Some species of megafauna that used to live in southeastern North America required large expanses of grasslands. Shady forests inhibited the growth of their favorite foods, though seasonally the grazers would move into the woods for acorns and berries. However, closed canopy forests could not support herds of grazers that depended upon tons of grasses and forbs found only in sunny conditions. The Columbian mammoth, bison, elk, horse, half-ass, and Harlan’s ground sloth were all denizens of open environments. In the coastal plain of the southeast region, open environments were always common no matter the climatic stage. During warm interglacials and interstadials, longleaf pine savannah predominated while deep forested swamps were restricted to river valleys or low areas. And during cold stadials dry prairies with some thickets of scrub oak were the most common environment. But in the piedmont and mountain regions of the south, conditions usually favor trees over grass. Hilly terrain and abundant creeks act as natural firebreaks and without fire forests are likely to become the climax type of environment.. Yet, evidence from the fossil record, and accounts of early colonists prove that grazers lived in these regions as well. I hypothesize megafauna grazers ranging in the piedmont region of the south were mostly found in areas with soils derived from ultramafic rock. The following link is a geological map showing where surpentine barrens and soils derived from ultramafic rock can be found in the piedmont region. I believe these areas supported most of the megafauna herds of grazers formerly found in the piedmont region. http://pubs.usgs.gov/imap/0476/plate-1.pdf
Mixed herd of bison and elk in Land Between the Lakes on the border between Kentucky and Tennessee. Herds like this ranged into the southeastern piedmont region till about 1760, though they may have been absent during times of higher Indian occupation of the land.

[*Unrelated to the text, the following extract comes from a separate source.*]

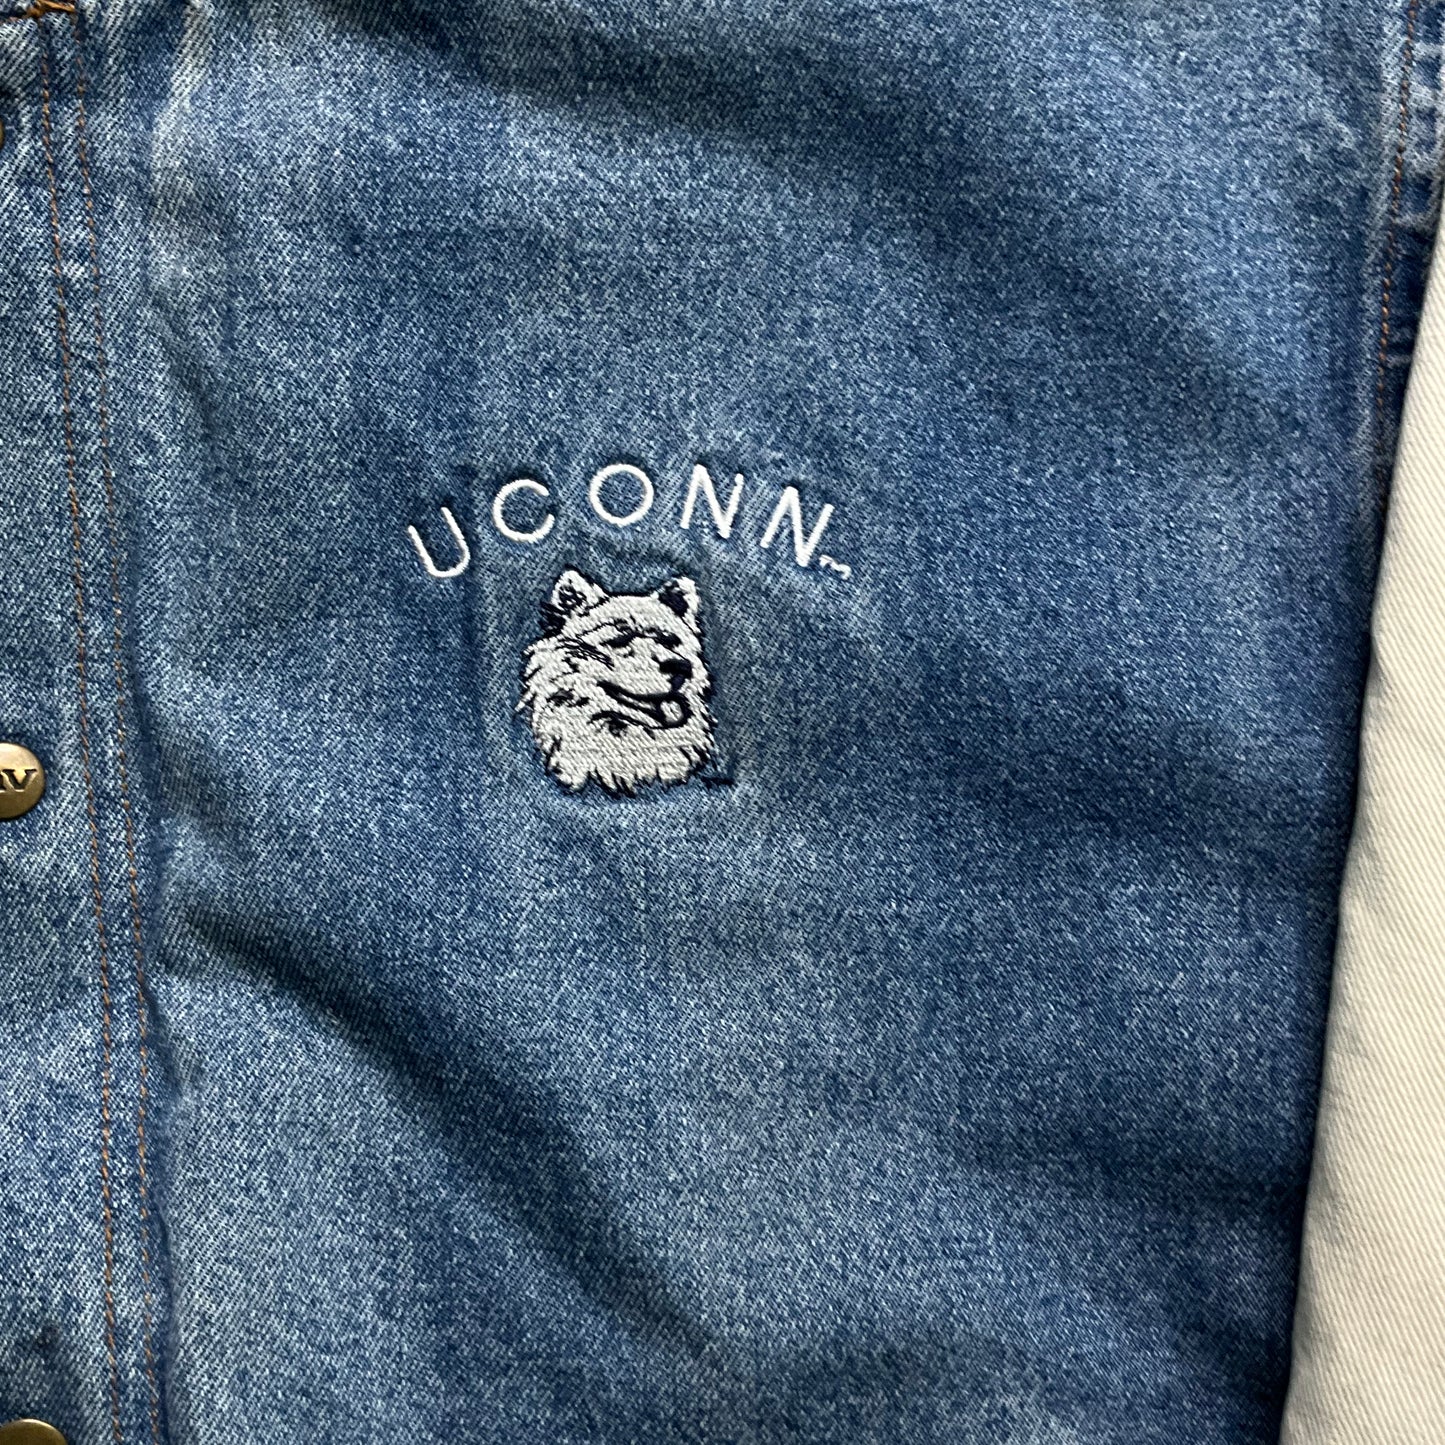 Vintage UConn Varsity Jacket (L)

Horses can survive in wooded areas but they prefer grassy habitats.
Western Leaf Beetle (Diabratica cristata). It ranges over much of the western Great Plains region of North America, but relic populations of this species exist on serpentine barrens in the eastern area of the continent.
Soils derived from ultramafic rocks have low magnesium/calcium ratios, and they contain heavy concentrations of toxic metals leached from the rock. (See:https://markgelbart.wordpress.com/2013/01/01/a-serpentine-barren-in-georgia-burkes-mountain/) Grass is able to outcompete trees in these types of environments, especially when aided by the occasional fire. They are referred to as barrens. In some areas with lesser degrees of soil toxicity, they may support open woodlands. They aren’t completely treeless, but there is enough space between the trees for grass and forbs to grow. I suspect a barren hilltop where William Bartram, an 18th century naturalist, found the bones of bison, elk, deer, and human was Burke’s Mountain in Columbia County–a well known surpentine barren. The geological map also shows ultramafic derived soils in the bottom third of Elbert County, McDuffie County east of Wrightsboro, the northern part of Wilkes County, Green and Taliaferro Counties, Columbia County along Greenbrier Creek, a big swath of territory in Jasper-Putnam-and Monroe Counties, and in various areas around present day Atlanta. In Alabama ultramafic soils cover much of Coosa, Chilton, Clay, and Cleburne Counties. In South Carolina they are found in Abbeville, McCormick, and Greenwood Counties. Many small areas with ultramafic soils have not been mapped.
Indian populations collapsed after 1600 when the tribes came into contact with DeSoto’s leftover pigs that went feral. Many died when they contracted swine flu or trichinosis. Later, Indian populations continued to decline because of their weak resistance to smallpox, measles, and alcohol–unwelcome gifts bestowed upon them by the British colonists. The decrease in the human population allowed elk and bison, the only American megafaunal grazers to survive the end Pleistocene extinctions, to increase in the piedmont region during early colonial times because they were able to graze on abandoned Indian fields that provided additional habitat besides the natural barrens which were never suitable for cultivation. This explains why early British colonists saw what they mistakenly thought was pristine wilderness. Actually, wilderness was reclaiming land from a civilization in collapse.
Bison lived as far south as north Florida during early Colonial times, probably recolonizing the region for the first time in thousands of years. Mark Catesby reported them foraging in the morning and evening on the grasslands, but they spent the heat of the day in shady canebrakes near creek or river bottoms where they were easy to track in the mud. Elk didn’t range as far south as the coastal plain during Colonial times, but an elk fossil has been found in Charleston, South Carolina. Cool stages of the Pleistocene may have allowed elk to inhabit parts of the coastal plain, but no elk fossils have ever been found in Florida. Elk probably never developed resistance to parasites that abound in frost free environments.
These open environments in the piedmont were also home to prairie chickens, upland sandpipers, common nighthawks, meadowlarks, and other birds that prefer relatively treeless landscapes.